Kassie wasn’t raised by her iwi—she was adopted into a Pākehā family from the Netherlands. Her adoptive parents raised her with a Pākehā worldview, and it wasn’t until she was a teenager that she found out she was Māori.

“Their basic thing was the British idea of adoption,” says Kassie. “You just erase everything about where someones come from and they’re now your baby. Which is obviously very different to what we understand of whāngai because it never takes away from where you come from, right?”

Kassie is an activist. Currently she’s working on publishing a book called Aunties’ It’s a collective how-to guide by women who have experience with political organising. She left university when her friend was expelled for burning a New Zealand flag. She is someone who has clearly drawn a lot of her strength and values from her immersion in Te Ao Māori. For Kassie, she wasn’t going to feel whole until she was able to connect these gaps in the history of who she was.

“Colonisation has taken so much away from us and what it would’ve wanted was to spread everyone around and disconnect everyone from their roots. So they never find [their Māoritanga] again. I didn’t want to be another lost person.”

At university in 2011, she began volunteering for an LGBTQ+ youth group. She was working with teenagers, and it was during a time that where was a lot of ‘gay bashings’ in Wellington. During this time, the city organised a visibility walk called Queer the Night. It was intended to make safe space for the Wellington queer community. There was a lot of energy at the time for talking having critical conversations about what it means to be queer; for Kassie this conversation was all about takatāpuitanga.

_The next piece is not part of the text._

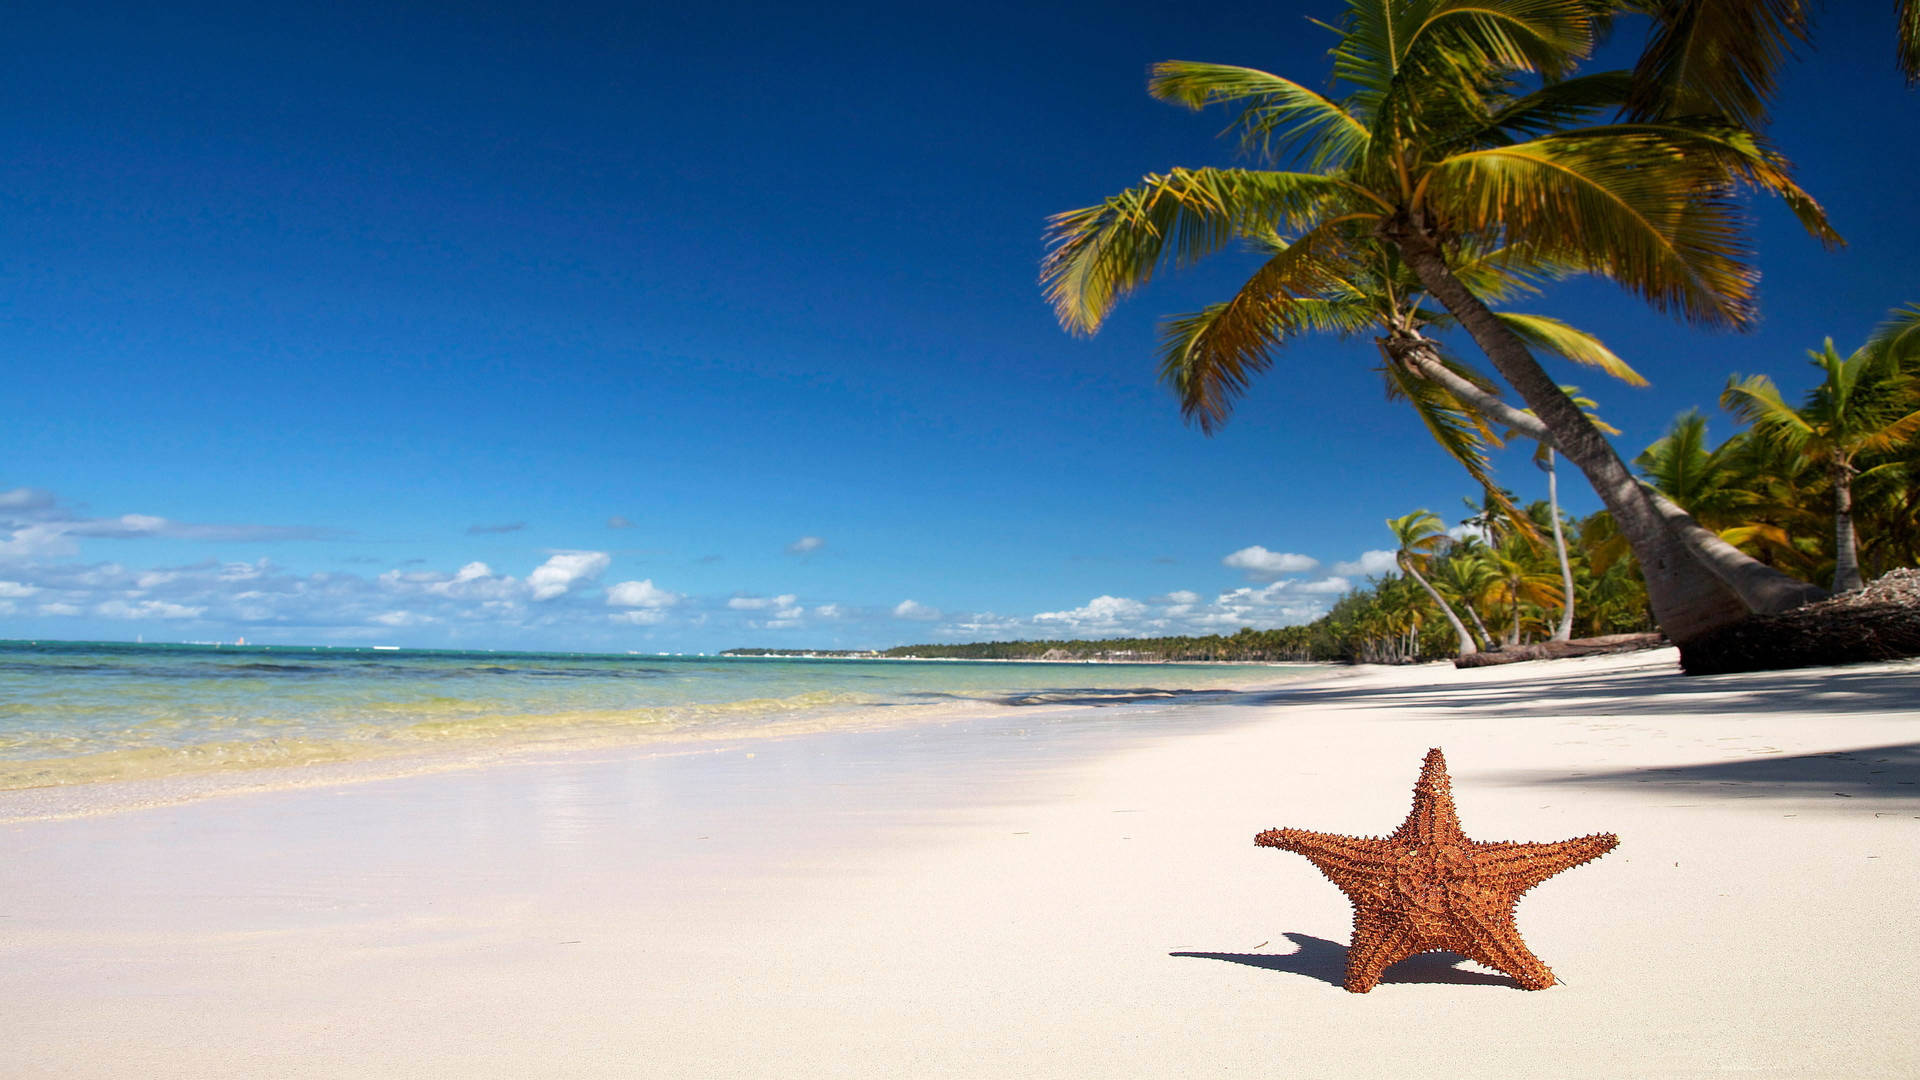 4k Beach With Starfish

The word takatāpui is not a new word. It has been found in very old Māori dictionaries. It originally meant: “An intimate friend, or a intimate partner of the same sex”

In the last 30 years, that word has been reclaimed by queer Māori communities to encompass anyone who might fit somewhere on the LGBTQ+ spectrum. People such as Ngahuia Te Awekōtuku and Elizabeth Kerekere have been crucial in its spread. It is a word for anyone who is sex, sexuality, or gender diverse. It is an umbrella term that acknowledges that queerness and Māoriness may exist within the same body.

Some other Māori terms for queerness include whakawahine, ira tangata, and ira tāne. But that’s pretty much as far as labelling goes in Te Ao Māori. Kassie and I talked about why that is. The Pākehā queer community has such an extensive list of terms available for use. If takatāpuitanga has a history, why aren’t there many labels?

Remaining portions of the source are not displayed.